Launch Positioning (read first)

Nothing in this document is required for launch. The launch field manual already ships 25 tools (Text 6 · Images 8 · Video 4 · cross-session), which is more than a live session can use. Sized against how a CC Fest session actually runs, the advanced layer is a post-launch, poll-driven backlog, not a build list to clear before July.

How a live session actually budgets tools. A CC Fest Saturday is a two-hour Zoom that also carries a guest speaker (~20–30 min), a returning-participant share (~8 min), intros, and live making time — the ML session run-of-show is ~90 minutes inside that window. In practice each p5.js session featured only 2–4 purpose-built tools, and several were built mid-cohort in response to “magic moments” rather than pre-loaded. The same budget applies here: feature a small set live, keep the rest as a library.

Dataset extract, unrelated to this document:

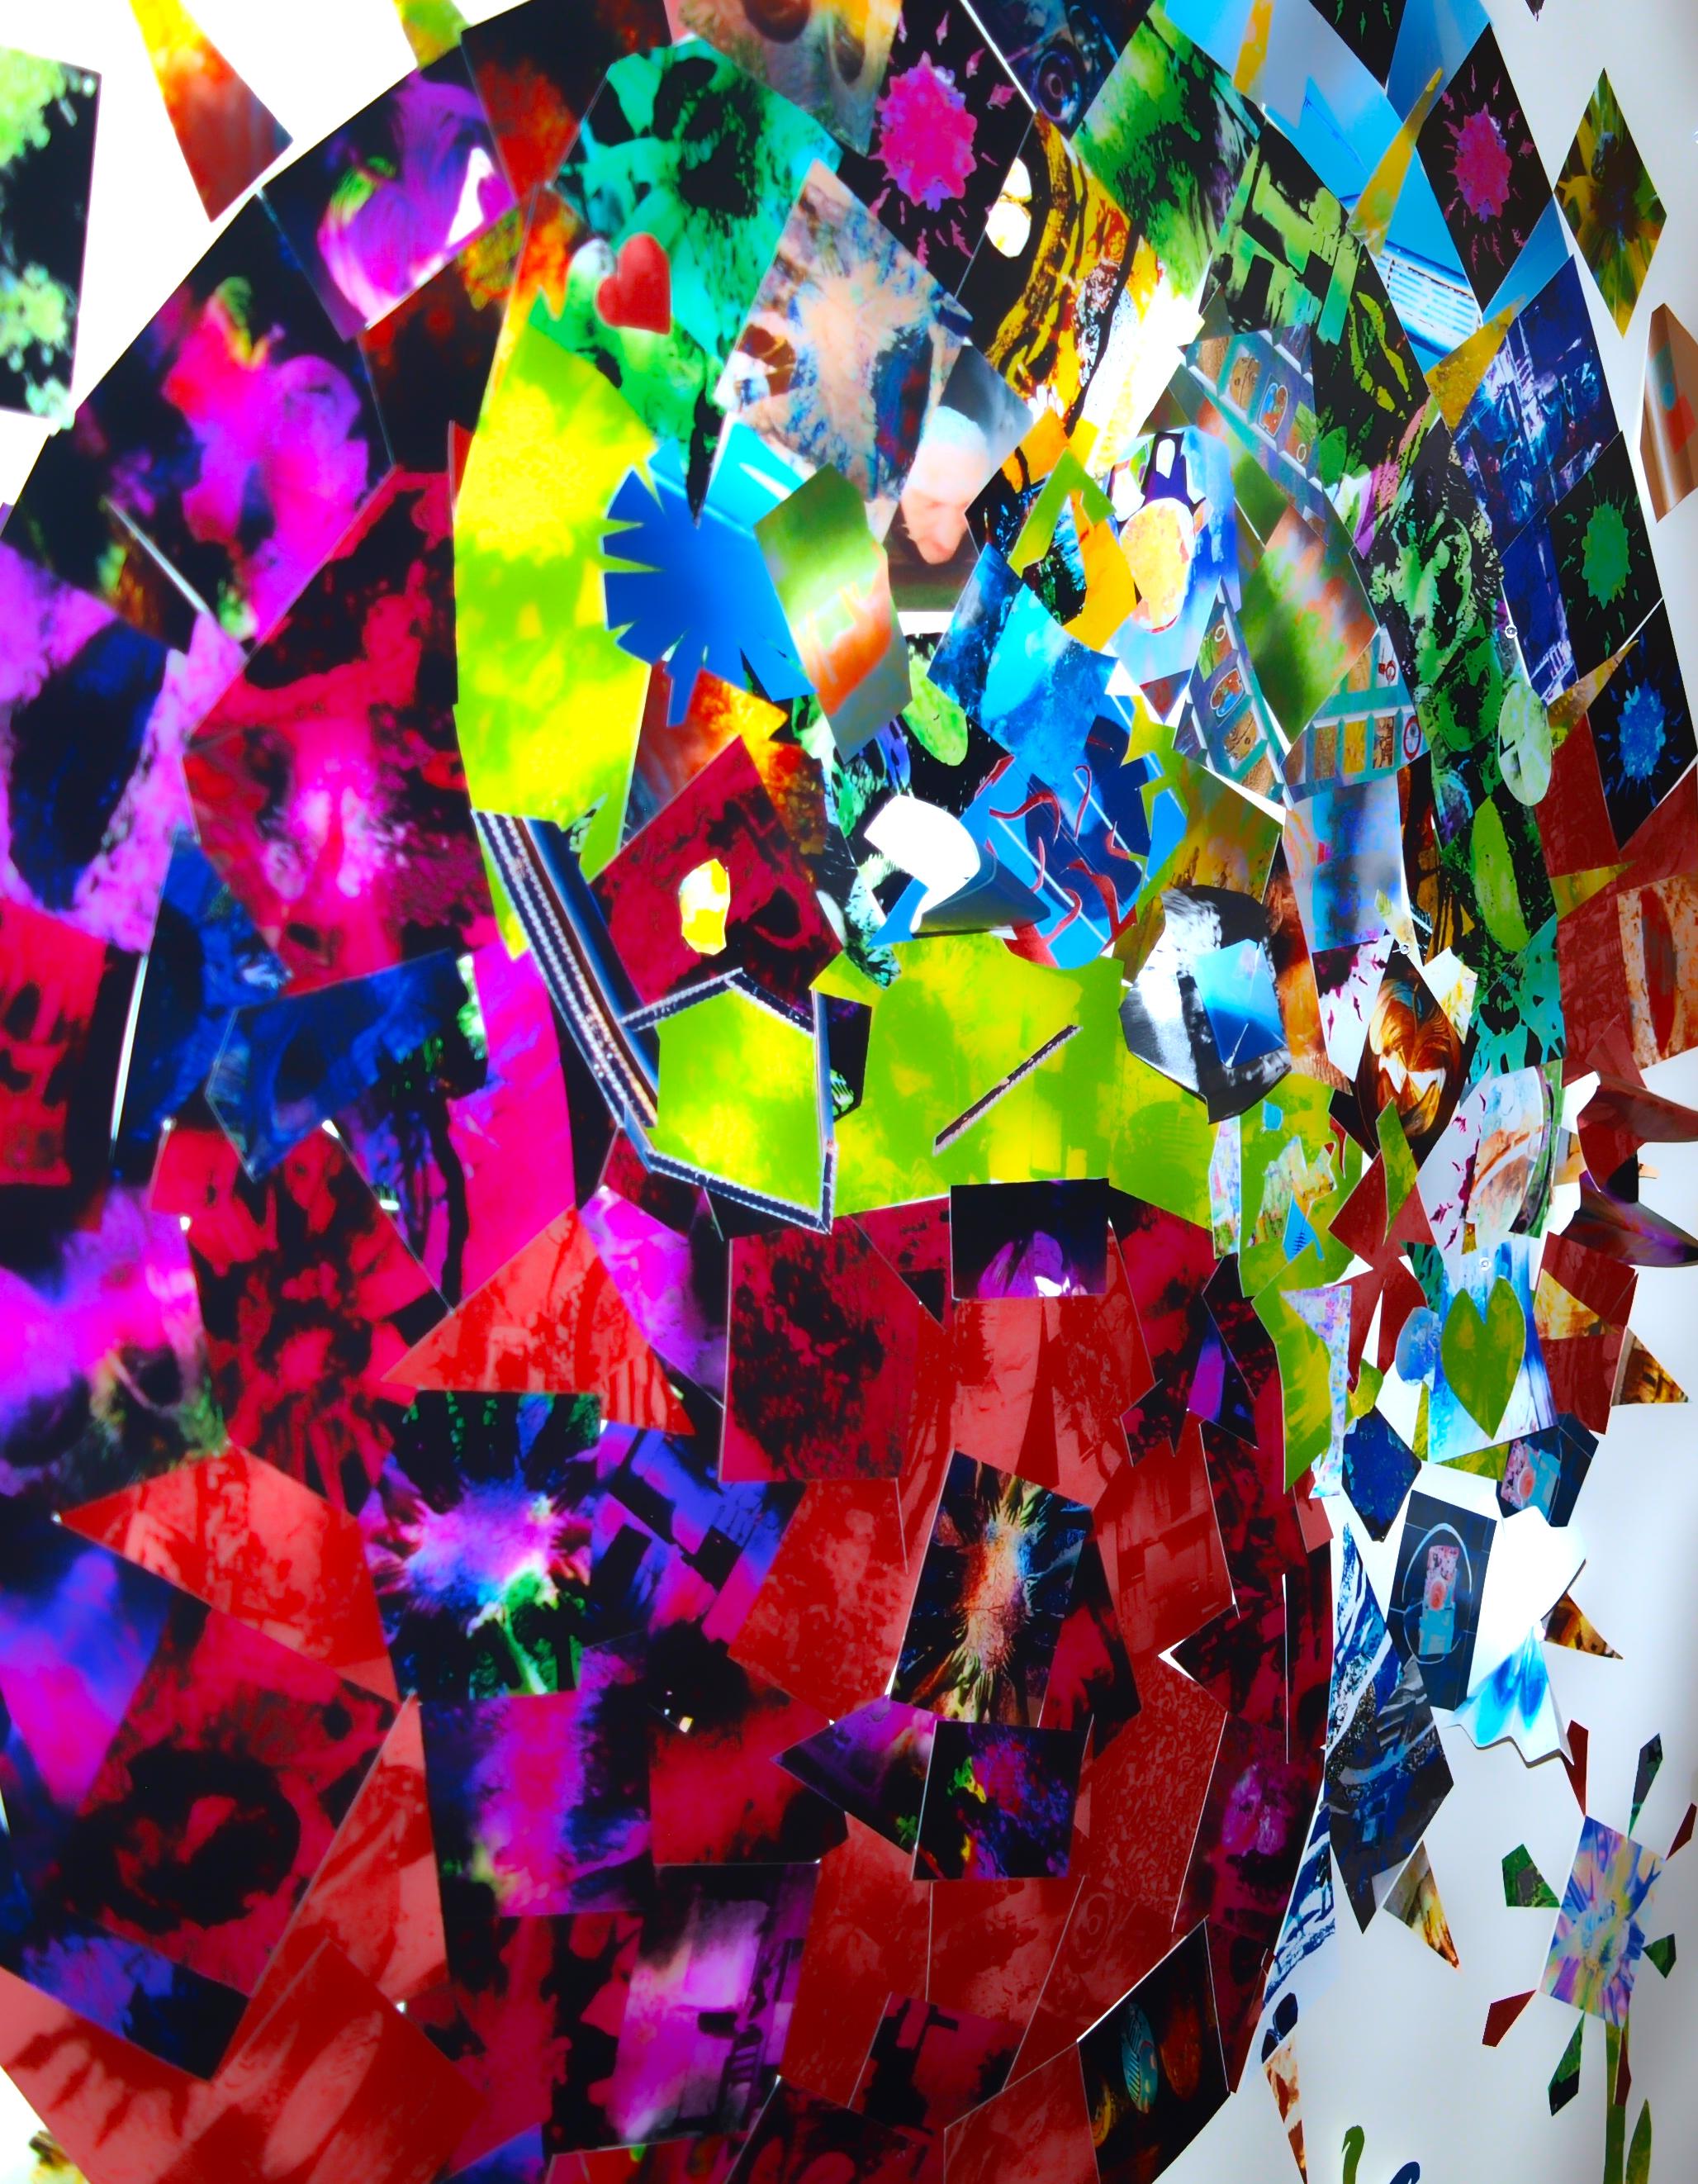 Detail des gemeinsam gestalteten Kunstwerkes.

Where the advanced tools belong. Treat the shipped advanced tools as the Investigate / studio path, not as Session 2–3 core. They serve the learner doing a model-behavior investigation (the #2 “want to make” in the interest data) — not the beginner arc. Let the Session-1 interest poll decide which, if any, of the remaining proposals get built between Saturdays.

Current Baseline

The repo already has launch-ready tools for the main investigation arc:

Area	Existing coverage
Text	Tokenization, temperature, next-token prediction, bigram counting, ELIZA, confidence vs. truth
Images	Diffusion step-through, feature extraction, default testing, prompt guidance, CFG scale, latent-space exploration, latent-space compression (VAE), dataset balance
Video	Temporal Telephone, video failure gallery, frame-by-frame coherence, metronome frame-scrubber (temporal attention)
Cross-session	A/B/C comparison, model cards, access tiers, evidence wall, concept bridges, classroom activity builder, network-grounded + relational truth sieves

tools/latent-space-explorer/ is already launch-ready. Future embedding work should extend or reference that tool rather than duplicate it.

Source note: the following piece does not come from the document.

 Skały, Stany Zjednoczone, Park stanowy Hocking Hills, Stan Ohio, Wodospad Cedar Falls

Audit Response: What the Launch Set Still Does Not Show

A June 2026 audit correctly identified that the public tool set is strongest at showing inference behaviour: what changes when a learner edits a prompt, temperature, example set, frame sequence, comparison board, or access tier. It does not yet fully expose the training and representation machinery underneath modern generative systems.

That gap is real, and it should stay visible. The launch set answers “what can we observe and test in a browser workshop?” The next-wave layer should answer “what mathematical bridge or training process made that behaviour possible?”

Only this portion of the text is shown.